I'm tired of Python, so I analyzed the data with nehan (corona related, is that word now?)


Hello, this is sunfish. Data analysis using Python has become popular these days, but it is difficult to master. The goal is to struggle with Python, and the business improvement that I originally wanted to achieve is here. .. .. I would like to introduce an example of analyzing data using the GUI tool "nehan" to solve such problems.

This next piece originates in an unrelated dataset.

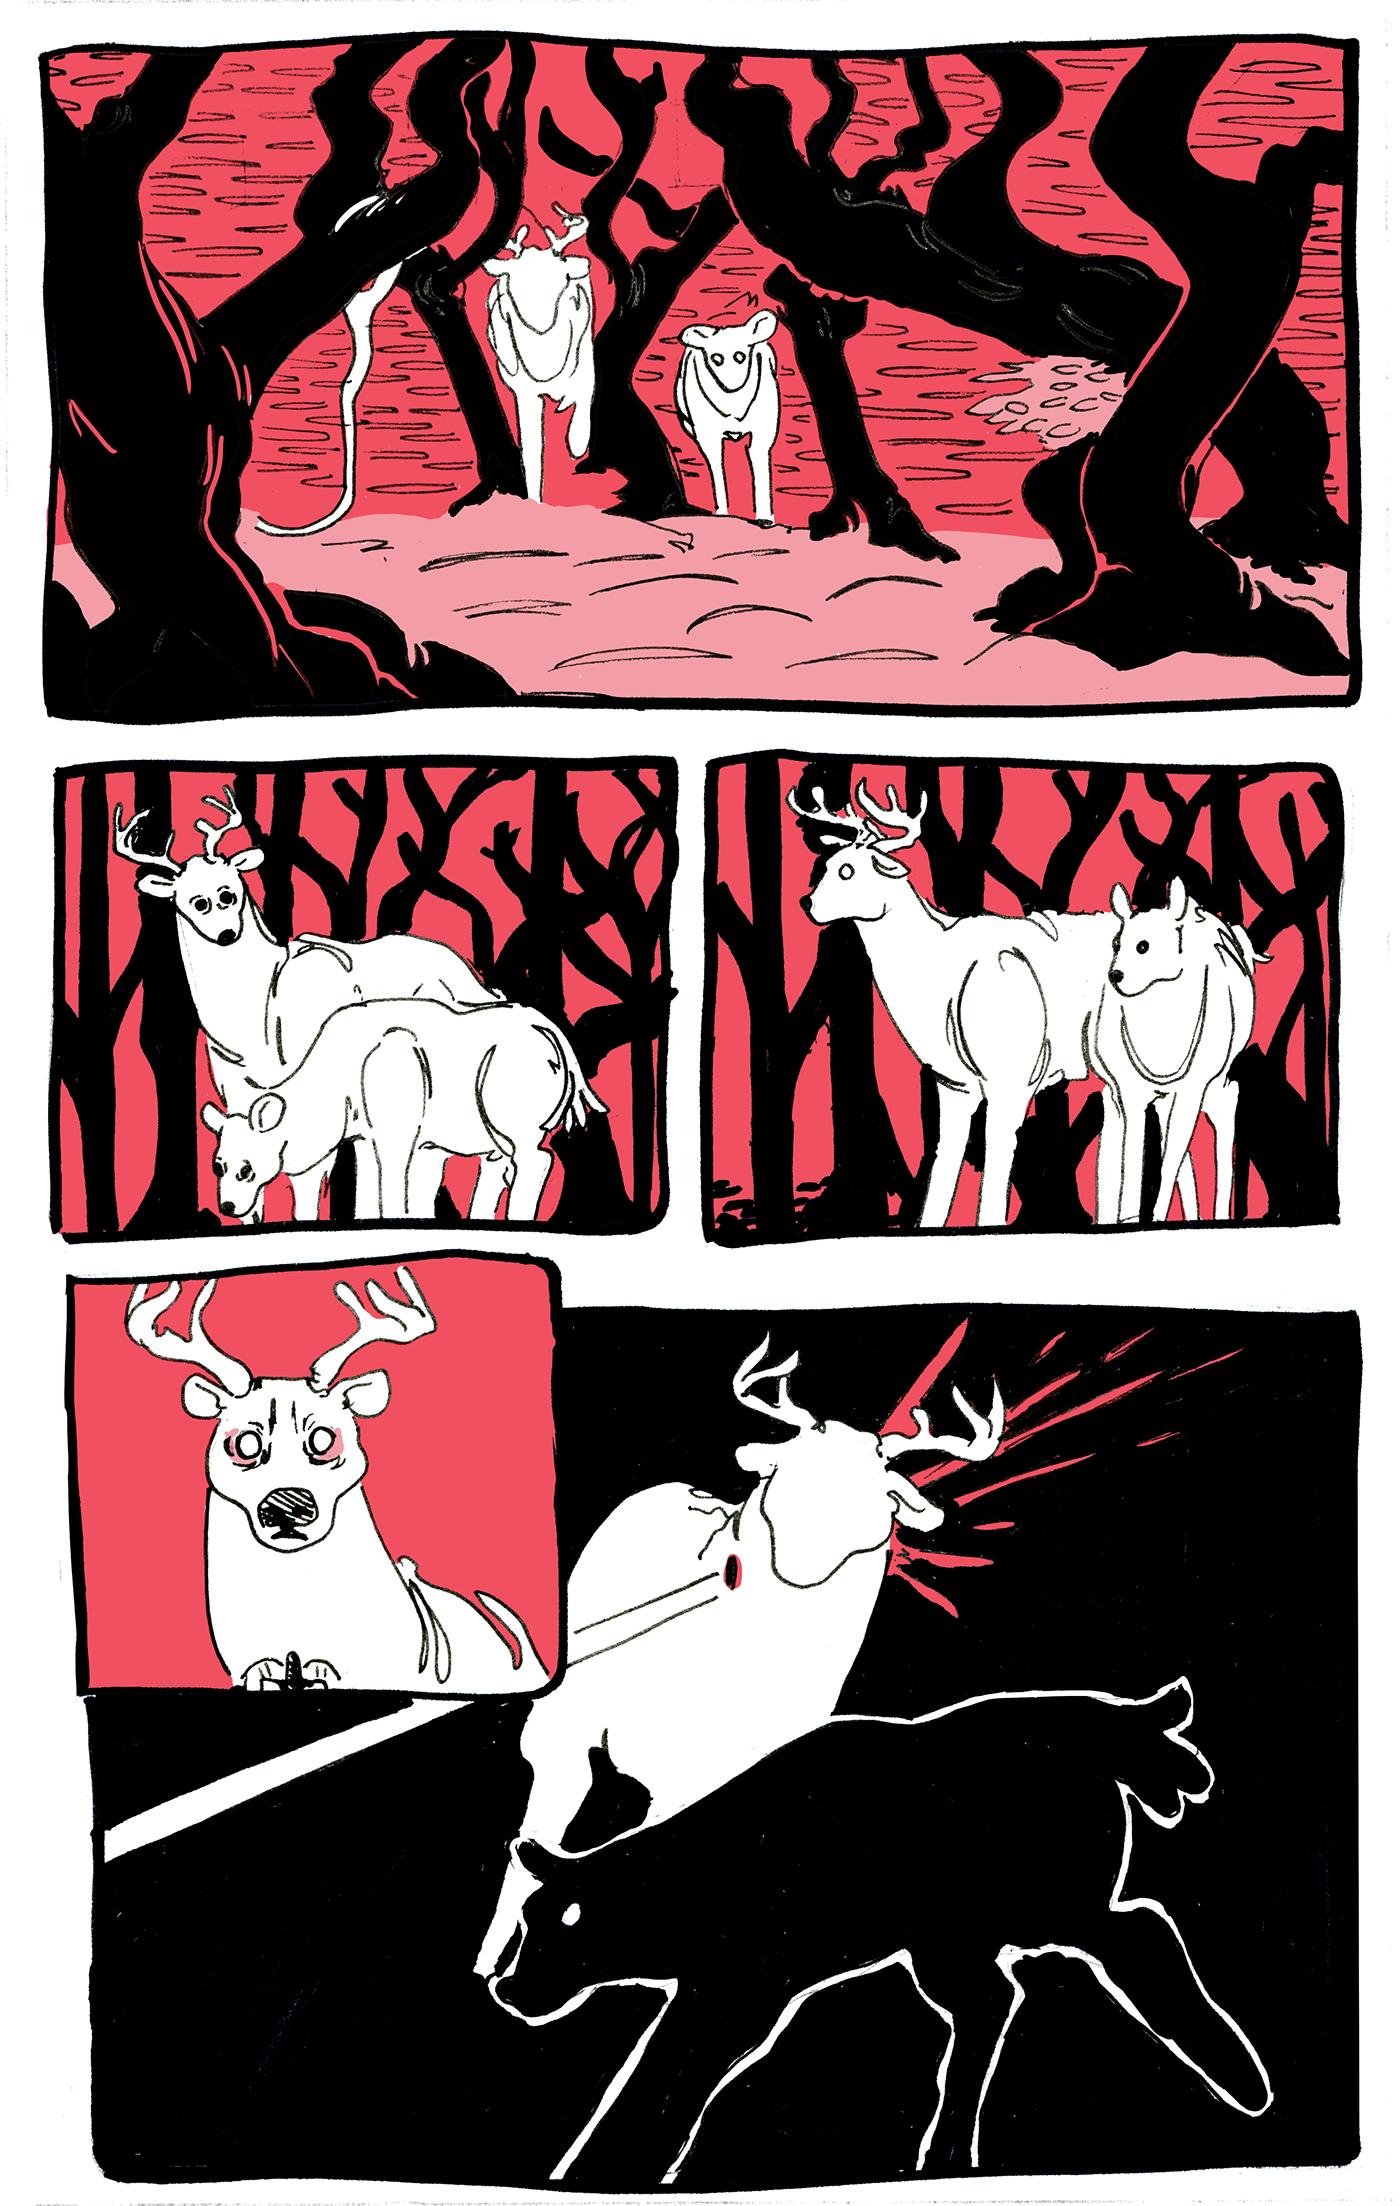 Image may contain: cartoon, book and animal

Looking back on the number of occurrences of a specific word from Twitter data

More than half a year has passed since the coronavirus became a social problem. Let's follow the number of occurrences of that word from the tweet data for the past two months.


nehan can directly import Twitter data, and this time I used that function. I will introduce it later. Every day from July 27, 2020 ** 3,000 tweets including "Corona" in the tweet text are accumulated and data for about 2 months is prepared. Click here for details of the data (https://sunfish.nehan.io/datasources_v2/3424) スクリーンショット 2020-09-28 19.13.12.png


1. Select columns only for Text and Created_At to be used
port_2 = port_1[['Created_At', 'Text']]

スクリーンショット 2020-09-28 19.14.05.png

2. Change Created_At to date type
port_3 = port_2.copy()
port_3['Created_At'] = pd.to_datetime(
    port_3['Created_At'], errors='coerce', foramt=None)
port_3['Created_At'] = port_3['Created_At'].map(lambda x: x.date())

スクリーンショット 2020-09-28 19.14.16.png

3. Created_At, which cannot be changed to date type, is a missing value, so delete each row.
port_4 = port_3.copy()
port_4 = port_4.dropna(subset=None, how='any')

スクリーンショット 2020-09-28 19.14.31.png

Aggregate the number of words by day

4. Filter to tweets containing specific words
port_5 = port_4[(port_4['Text'].str.contains('cluster', na=False, regex=False))]

スクリーンショット 2020-09-28 19.14.53.png

5. Aggregate daily
port_9 = port_5.copy()
port_9 = port_9.groupby(['Created_At']).agg(
    {'Created_At': ['size']}).reset_index()
port_9.columns = ['Created_At', 'Line count']

スクリーンショット 2020-09-28 19.15.09.png

Visualize and consider


スクリーンショット 2020-09-28 19.17.44.png The word "cluster" is widely recognized as a symbol of explosive infection. The reason why it flew on 8/9 is probably due to the [Cluster Festival] held in Shibuya (https://news.yahoo.co.jp/articles/76e47dc2ce6608e018fe37bc92be296e381f76fa?page=1).


スクリーンショット 2020-09-28 19.17.57.png I also looked at this word, which made me feel nostalgic.


スクリーンショット 2020-09-28 19.18.11.png A new lifestyle is taking root, but it seems that the self-restraint mood is not completely over. It looks like it is gradually decreasing.


In order to get an exact result, I really have to do more pre-processing, but I tried to process the data simply for a rough observation and an introduction to nehan. In addition, the above source code is a copy of the code output by nehan's python export function.